Skip any image you find and restate the rest of the data word for word.

=== Available data ===

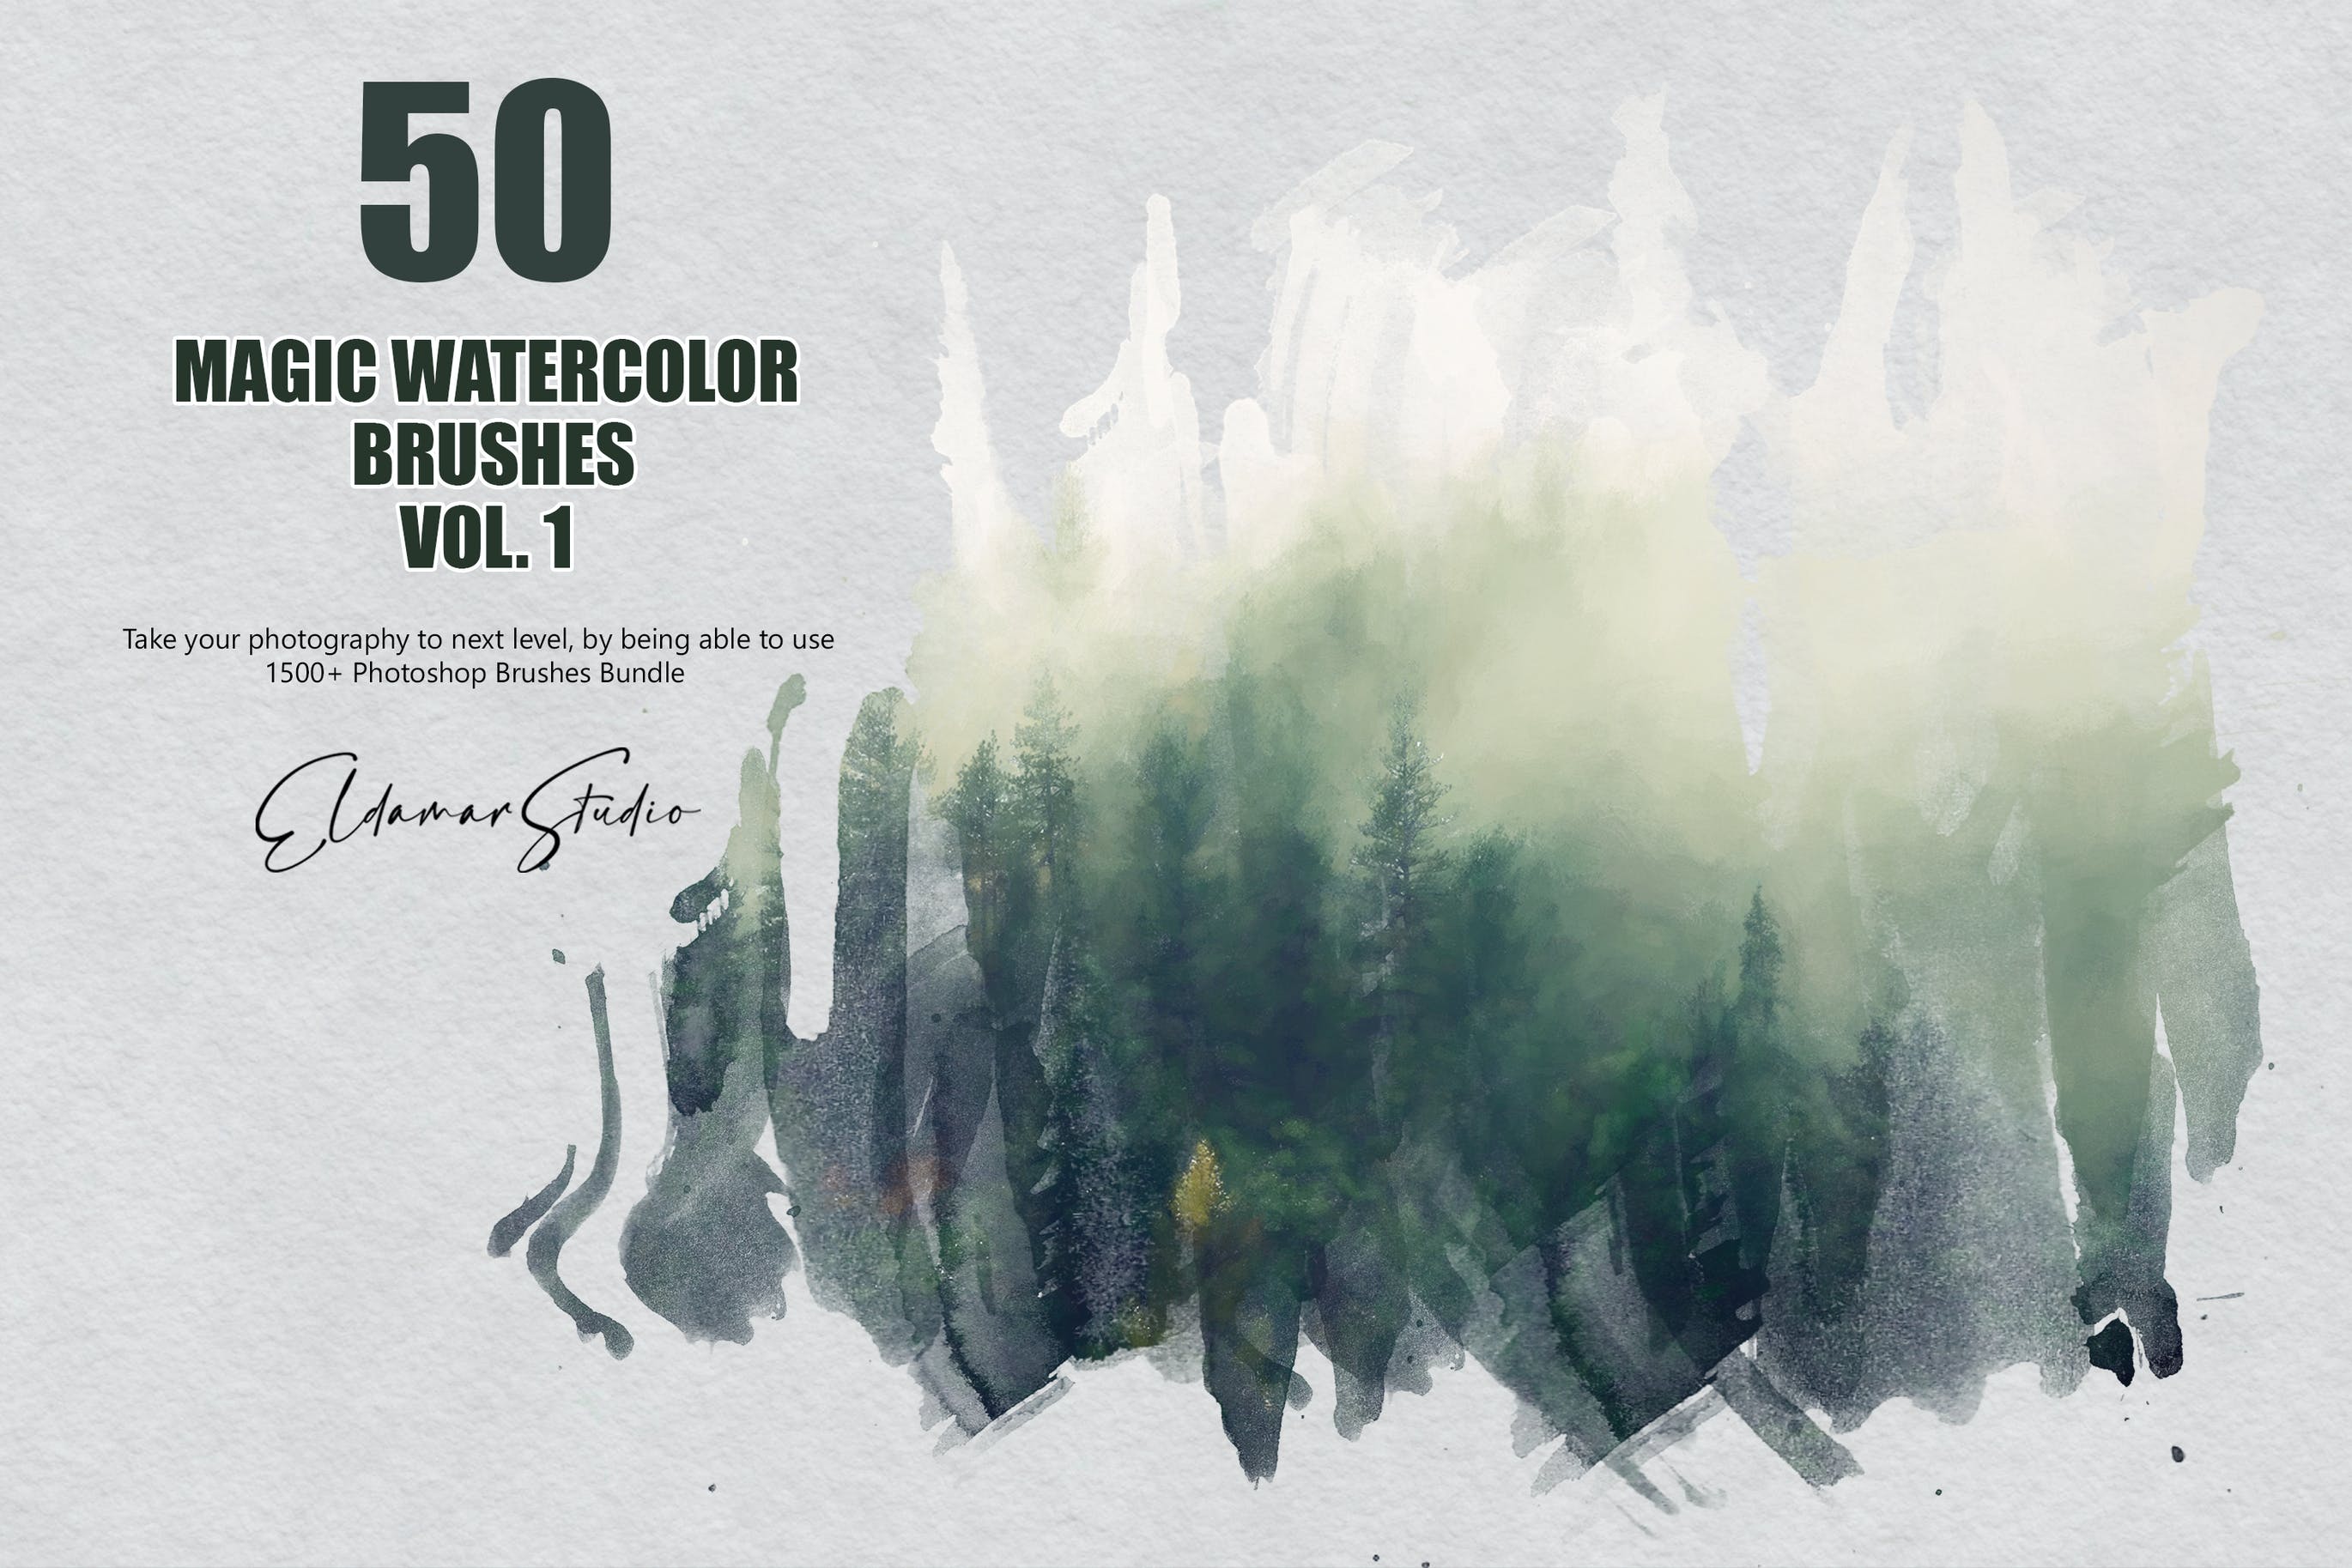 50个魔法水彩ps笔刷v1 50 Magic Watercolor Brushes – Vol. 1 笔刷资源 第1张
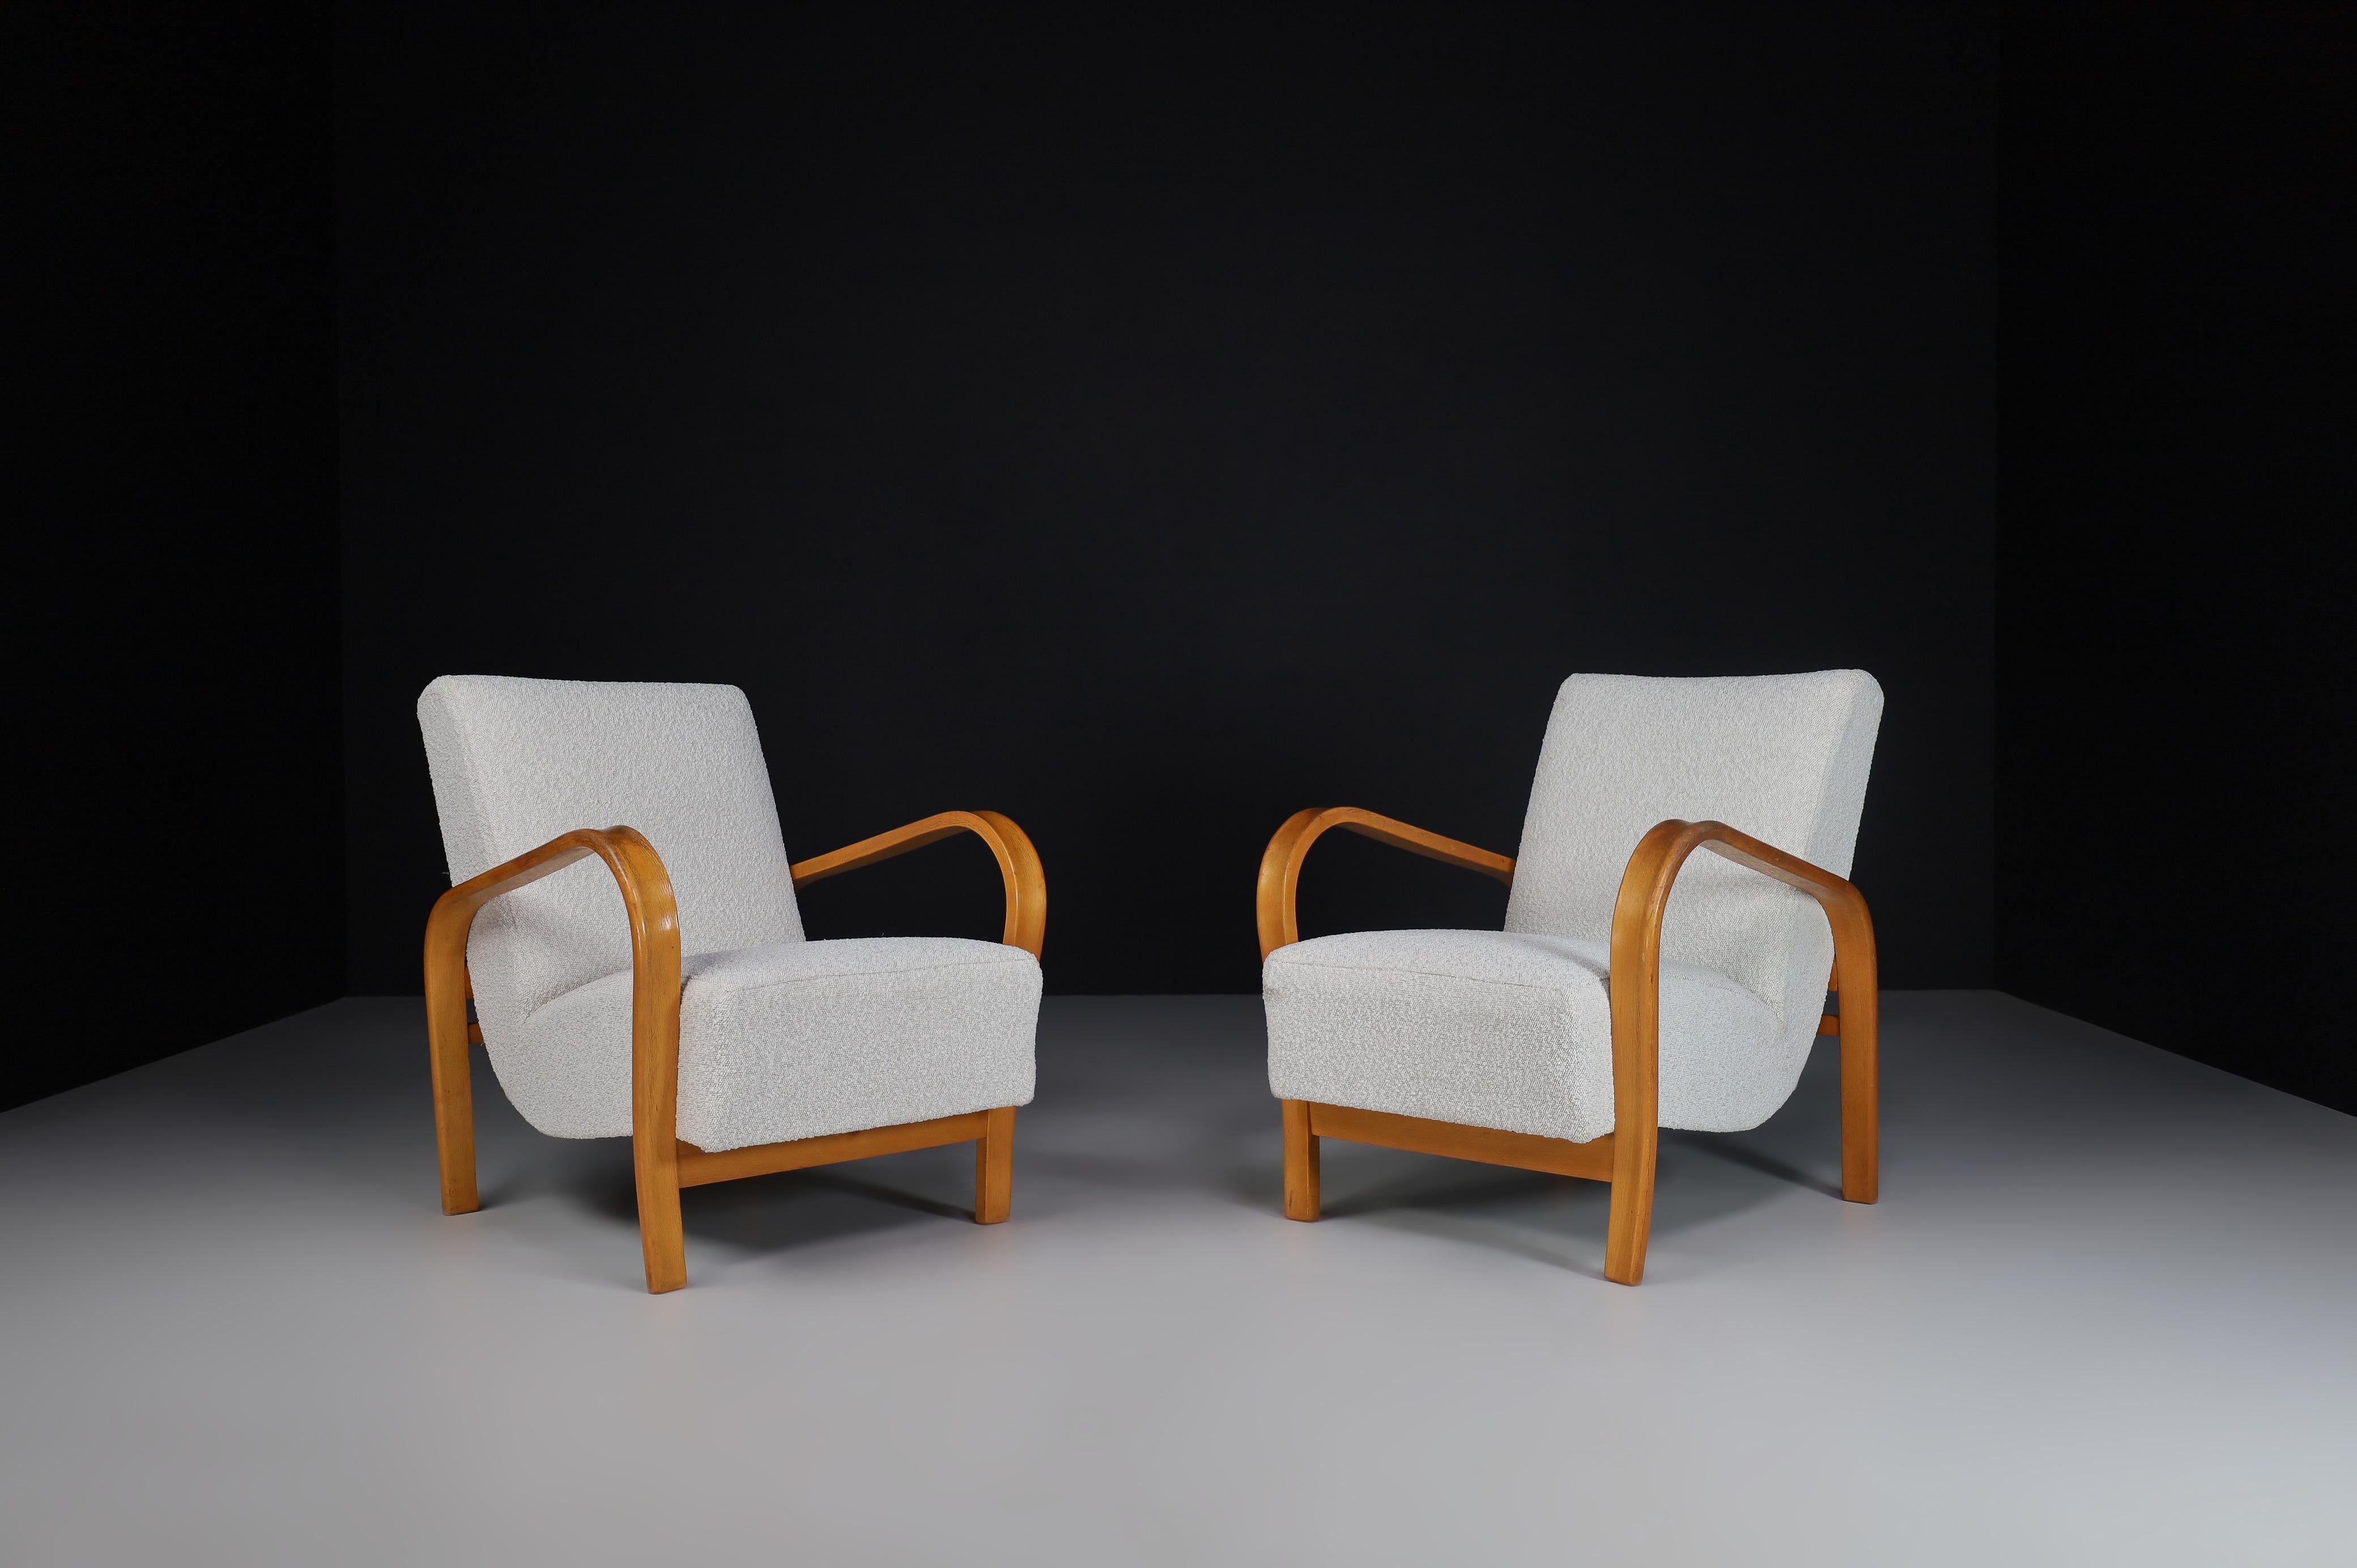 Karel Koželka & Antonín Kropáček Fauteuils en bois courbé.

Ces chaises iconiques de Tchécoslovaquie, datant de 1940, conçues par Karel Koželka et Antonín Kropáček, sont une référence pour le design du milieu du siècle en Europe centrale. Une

===

◆ Answer box:
 50个魔法水彩ps笔刷v1 50 Magic Watercolor Brushes – Vol. 1 笔刷资源 第1张
 Karel Koželka & Antonín Kropáček Fauteuils en bois courbé.

Ces chaises iconiques de Tchécoslovaquie, datant de 1940, conçues par Karel Koželka et Antonín Kropáček, sont une référence pour le design du milieu du siècle en Europe centrale. Une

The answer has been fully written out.